At age 30, Steenhuisen became the head of the Democratic Alliance group on the City Council, leading more experienced legislators. Three years later, he led the party in the province of KwaZulu-Natal, and in just two more years he was elected to the national Parliament.
He cultivated relationships with both colleagues and constituents, and several of his critics and defenders said he has a distinctive ability to read a room. She hosted Christmas parties at her house and hosted after-work drinks every week, Noyce recalled.
But in 2010, it became public that Steenhuisen had been cheating on his wife of 10 years with a party spokesperson, who was married to another party member. Steenhuisen resigned as party leader in KwaZulu Natal province. He is now married to the woman he had the affair with. In a country accustomed to political scandals, the episode did not stop Steenhuisen’s rise.
He has fought tough battles within the party, earning a reputation as someone who does not tolerate dissent, former members said.

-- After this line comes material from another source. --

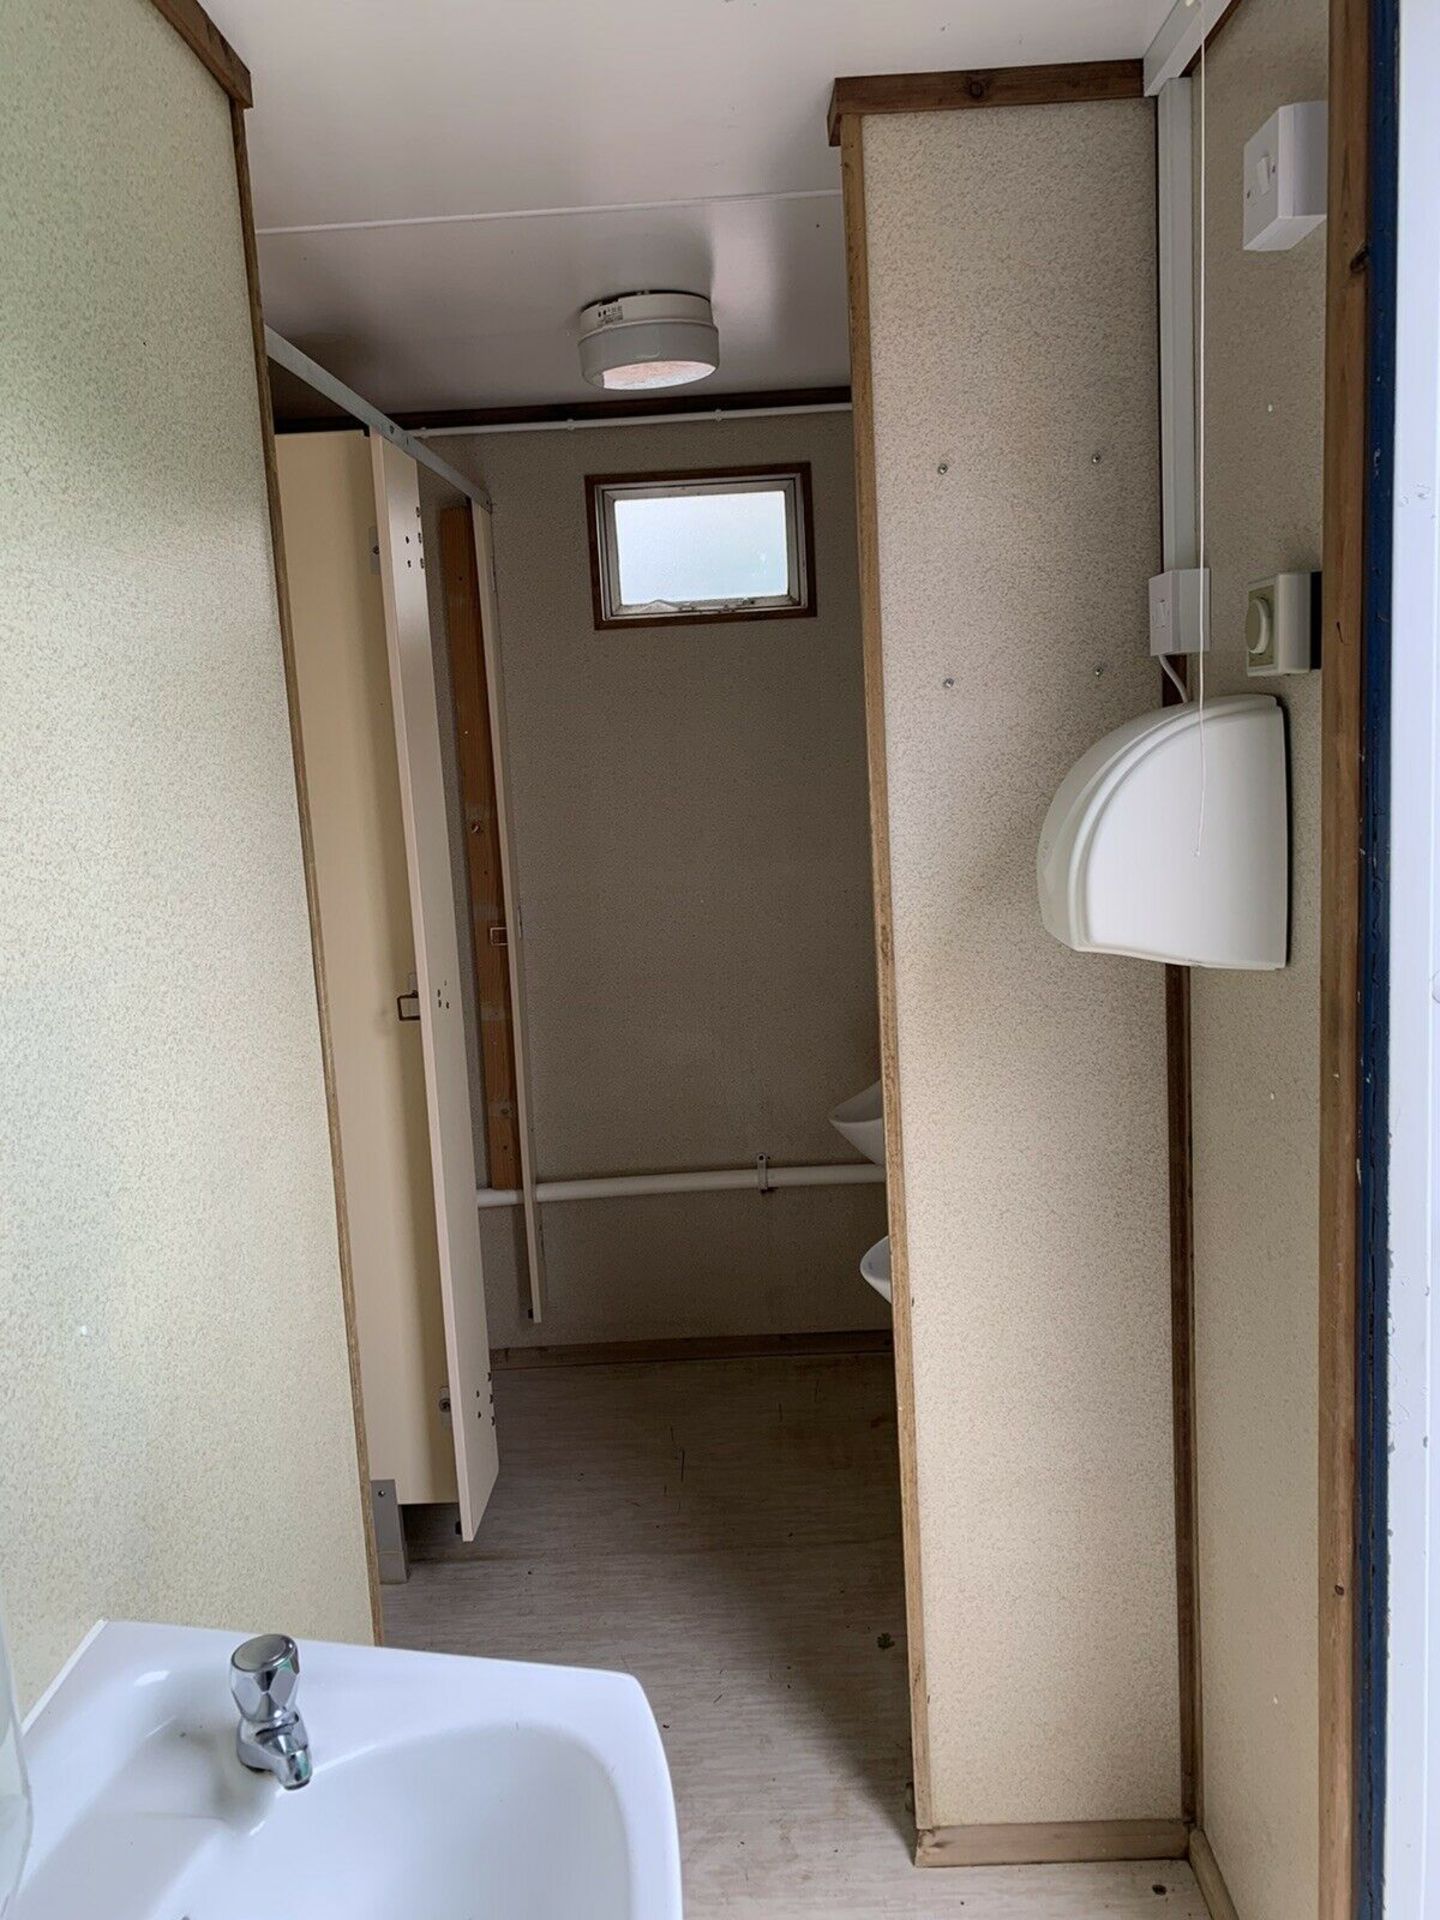 Portable Shower Drying Room With Toilets - Image 7 of 11
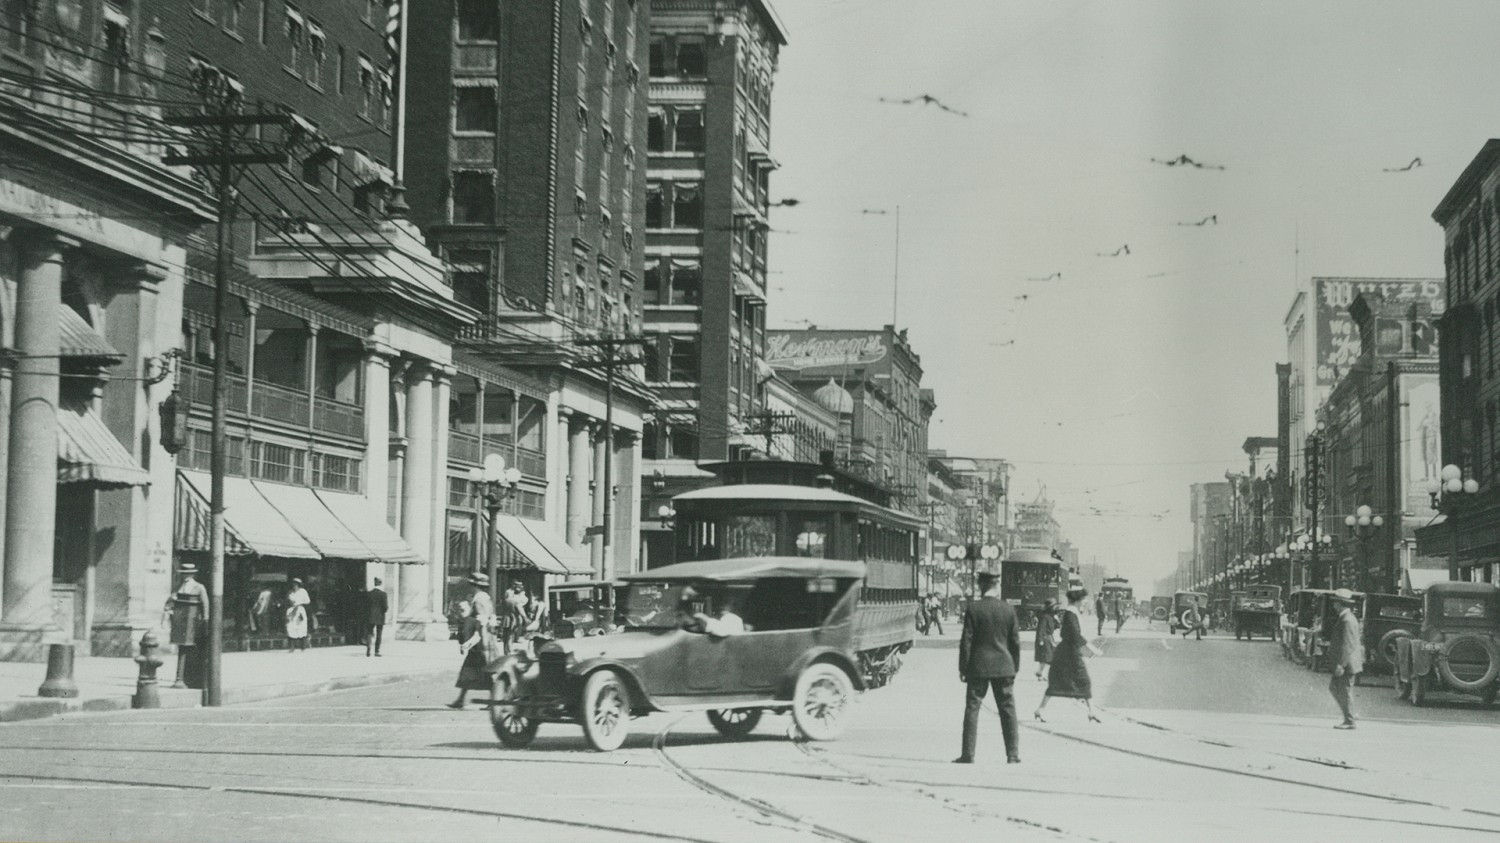 Amway Grand_Historic_Black and White_Exterior_Pantlind Hotel_Historic Cars_People_Bikes_Street

Three days after last week’s election, Steenhuisen was in a Zoom meeting with the leaders of several smaller parties that also signed a pledge last year not to work with the ANC. Some of them chastised the Democratic Alliance over reports that it would not honor its commitment to the pact, according to a recording of the meeting obtained by The New York Times.
It seemed to Steenhuisen’s critics that, faced with the smell of power, he and his party were ready to abandon the principles he had defended.
“No one will trust them again in the future,” the leader of a small party said of the Democratic Alliance.
“With all due respect, you speak without authority about the district attorney and what he is going to do or not do,” Steenhuisen responded. “You need to understand it very, very clearly.”